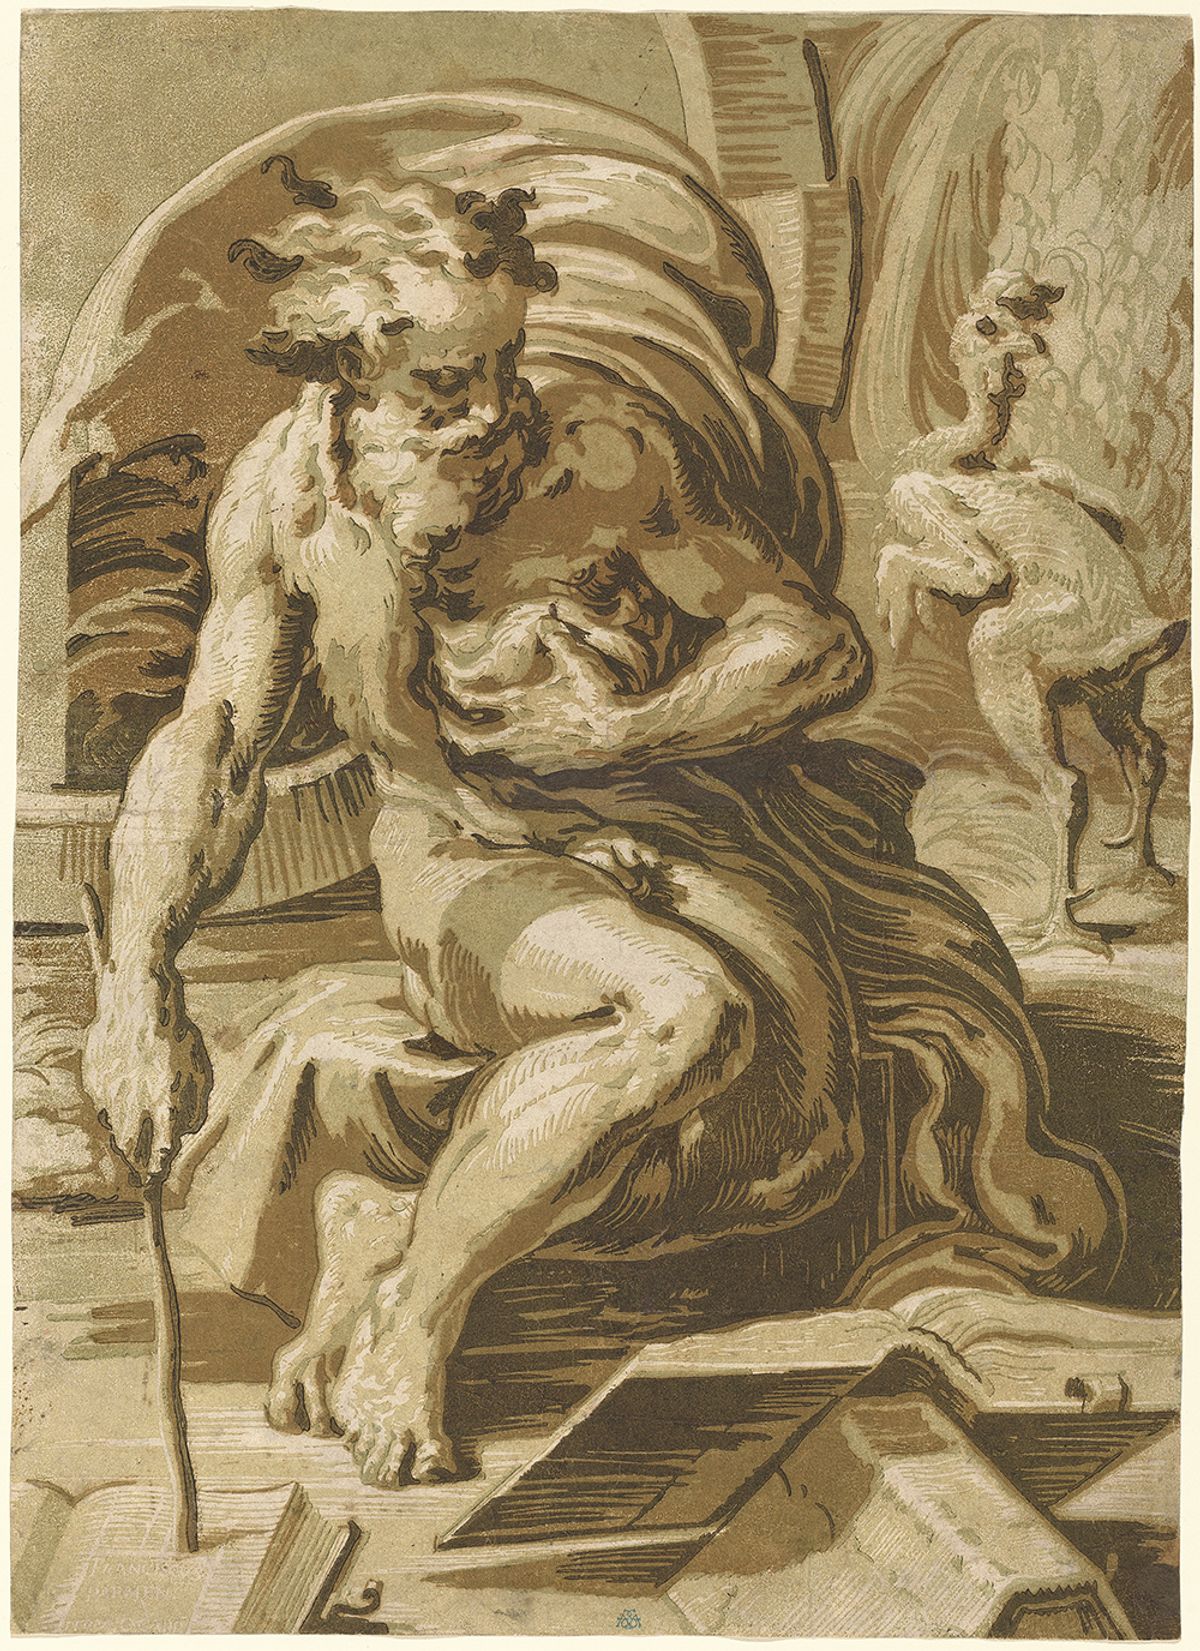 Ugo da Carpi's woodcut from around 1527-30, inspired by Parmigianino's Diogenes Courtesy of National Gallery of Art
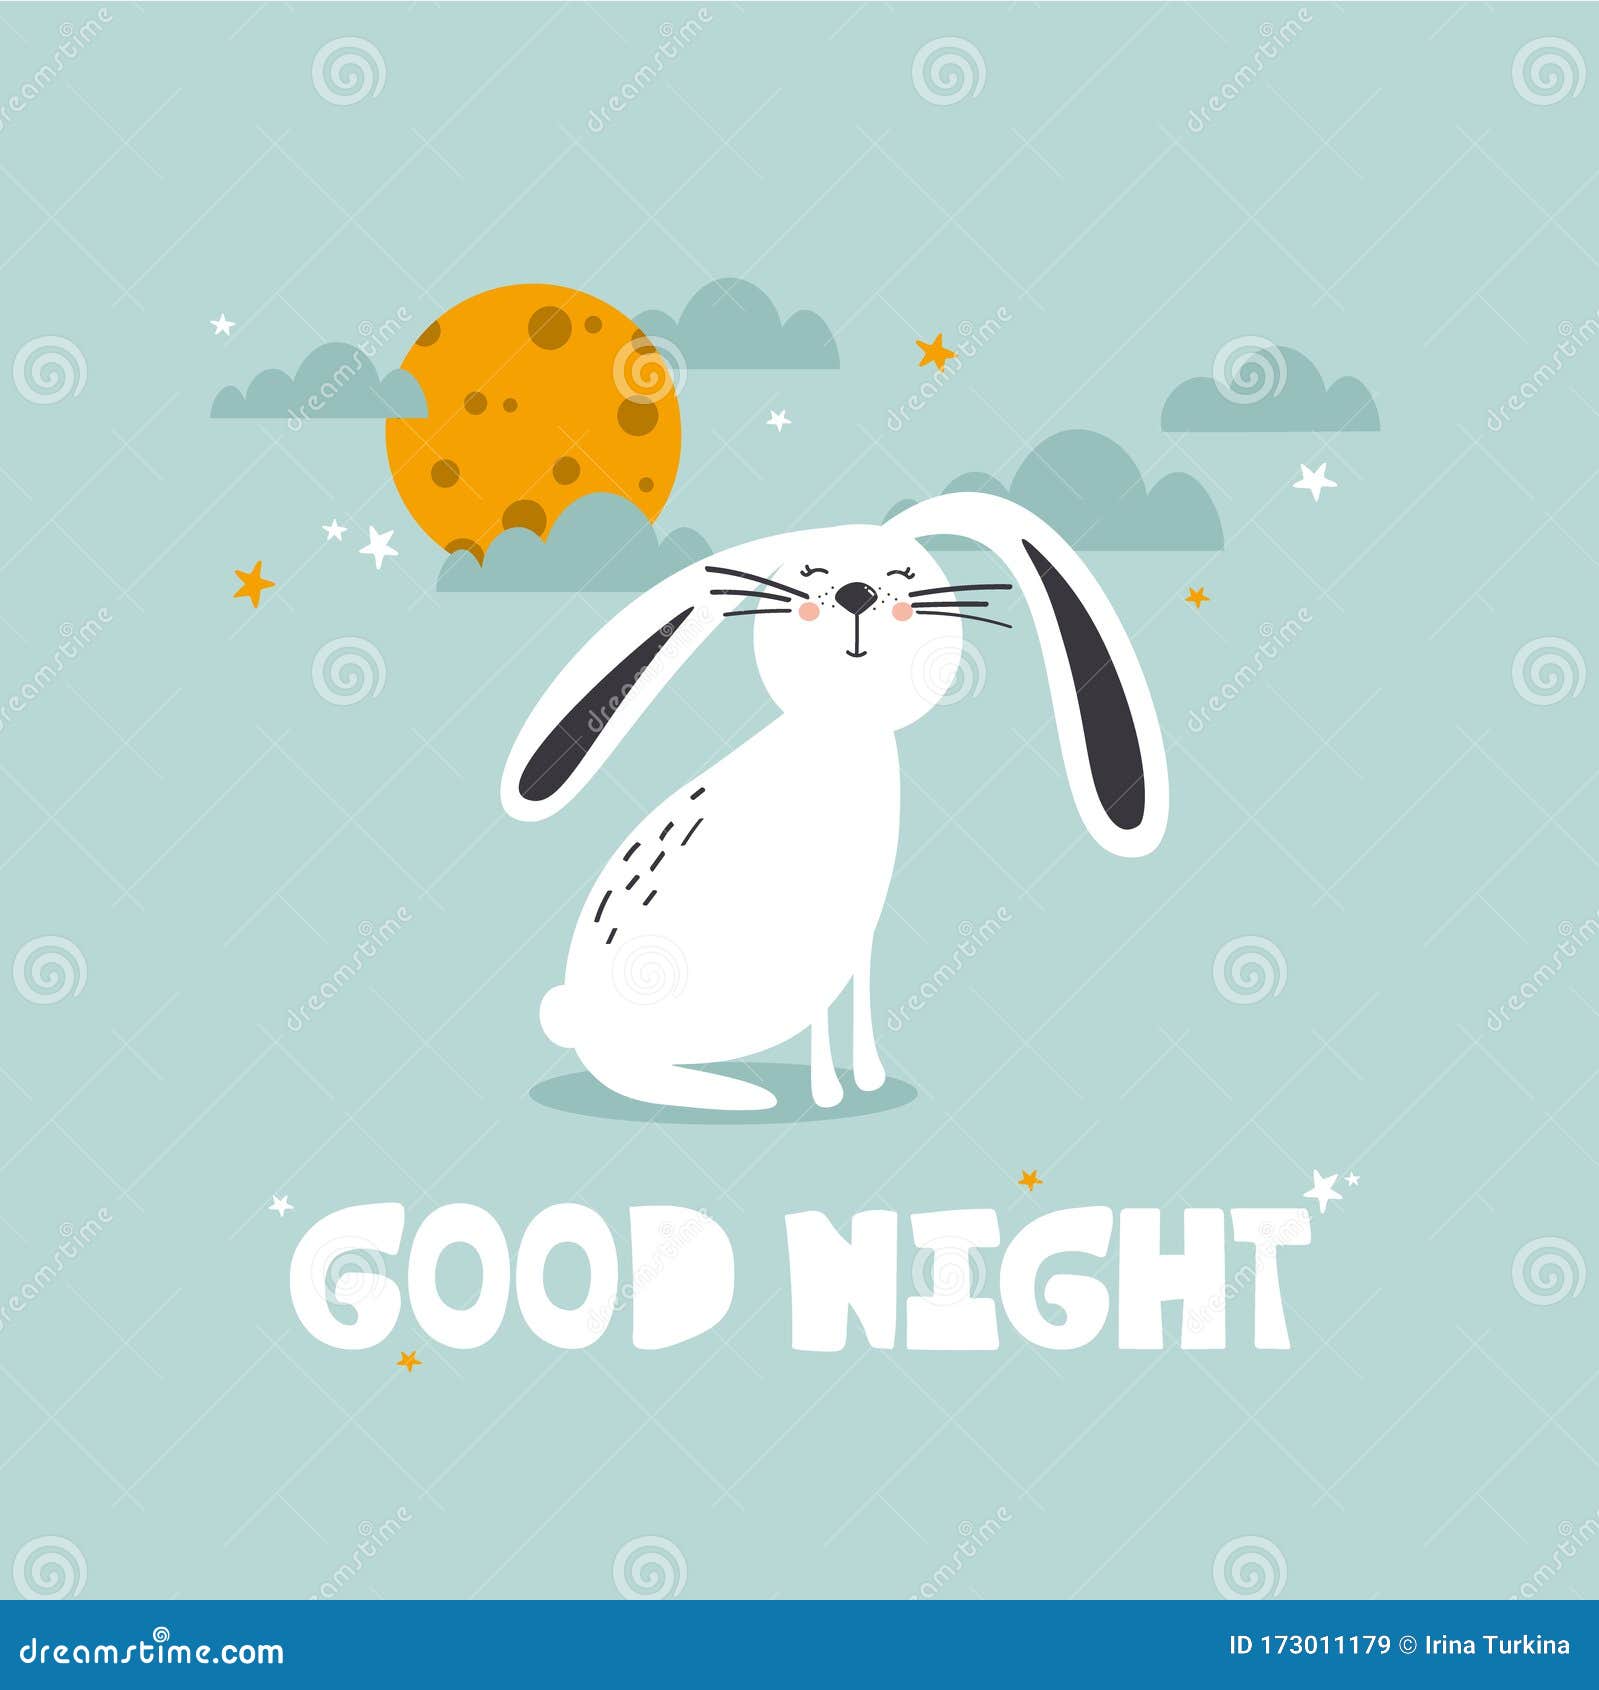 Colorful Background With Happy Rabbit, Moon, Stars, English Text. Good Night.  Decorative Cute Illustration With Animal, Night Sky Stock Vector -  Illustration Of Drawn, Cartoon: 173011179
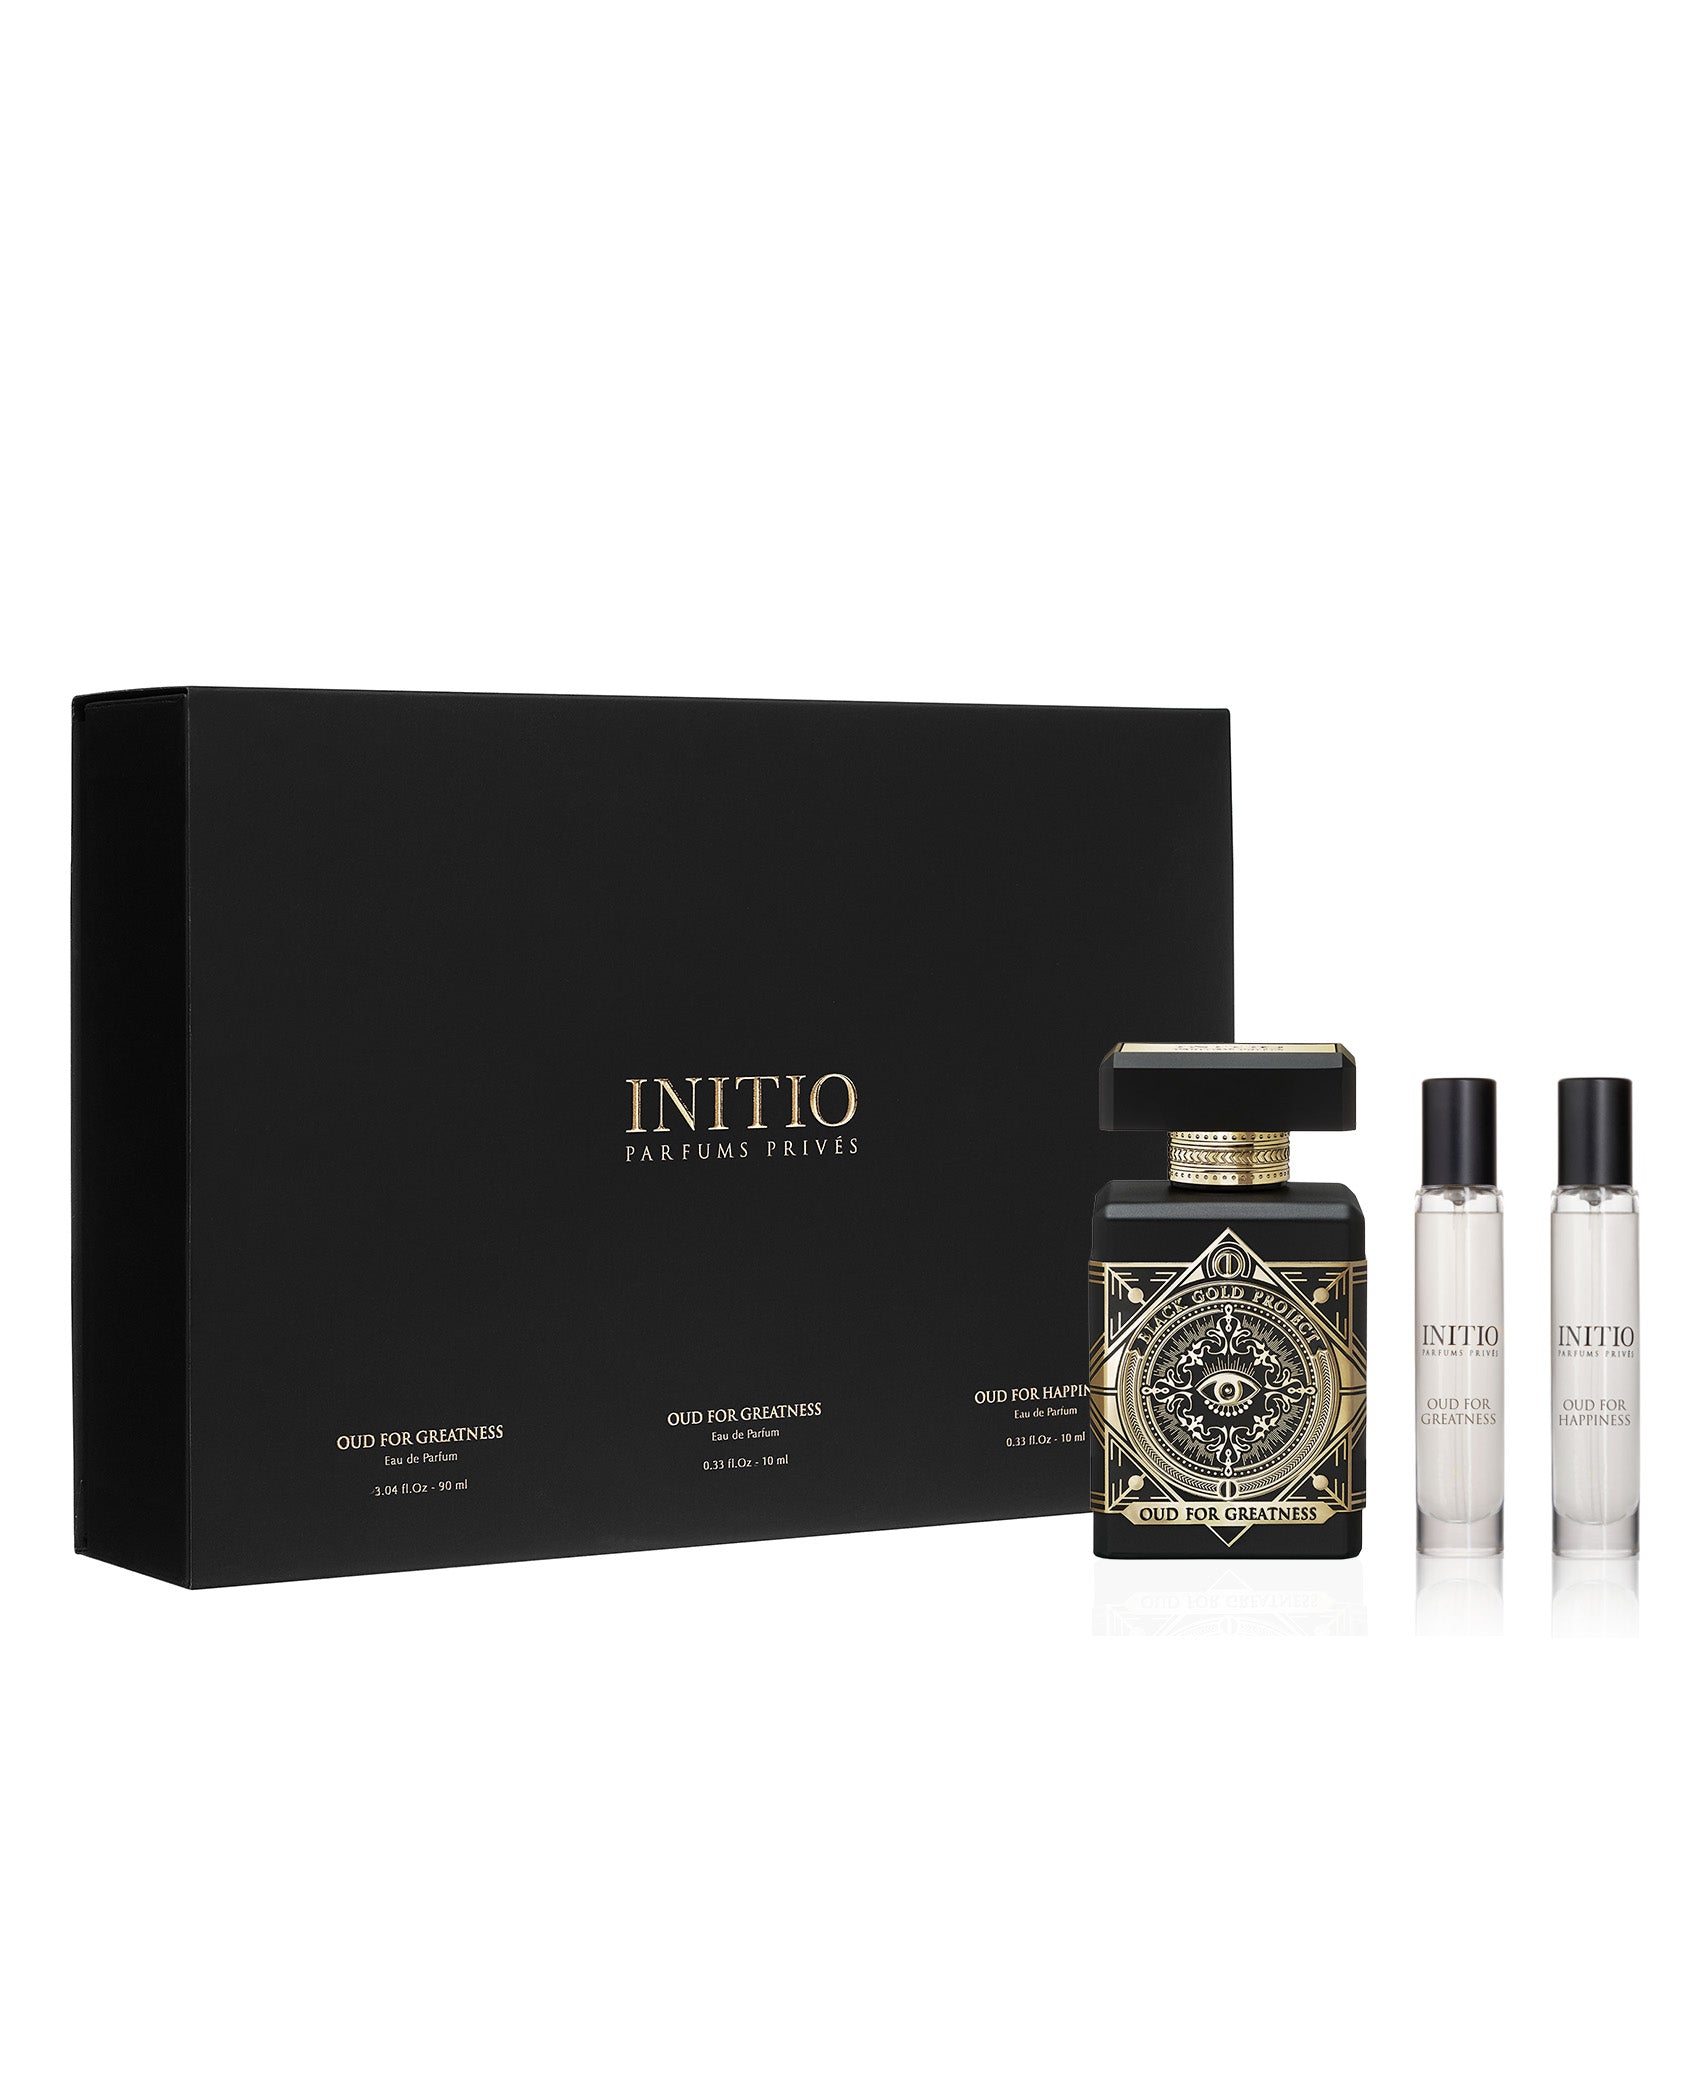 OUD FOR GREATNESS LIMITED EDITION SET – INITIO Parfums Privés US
◆ ◆ ◆
▸ **WHAT YOU WILL DO**: Transcribe the listing exactly. Its images are to be omitted.

▸ **FINISHED TASK**:
 Ugo da Carpi's woodcut from around 1527-30, inspired by Parmigianino's Diogenes Courtesy of National Gallery of Art
 Colorful Background With Happy Rabbit, Moon, Stars, English Text. Good Night.  Decorative Cute Illustration With Animal, Night Sky Stock Vector -  Illustration Of Drawn, Cartoon: 173011179
 OUD FOR GREATNESS LIMITED EDITION SET – INITIO Parfums Privés US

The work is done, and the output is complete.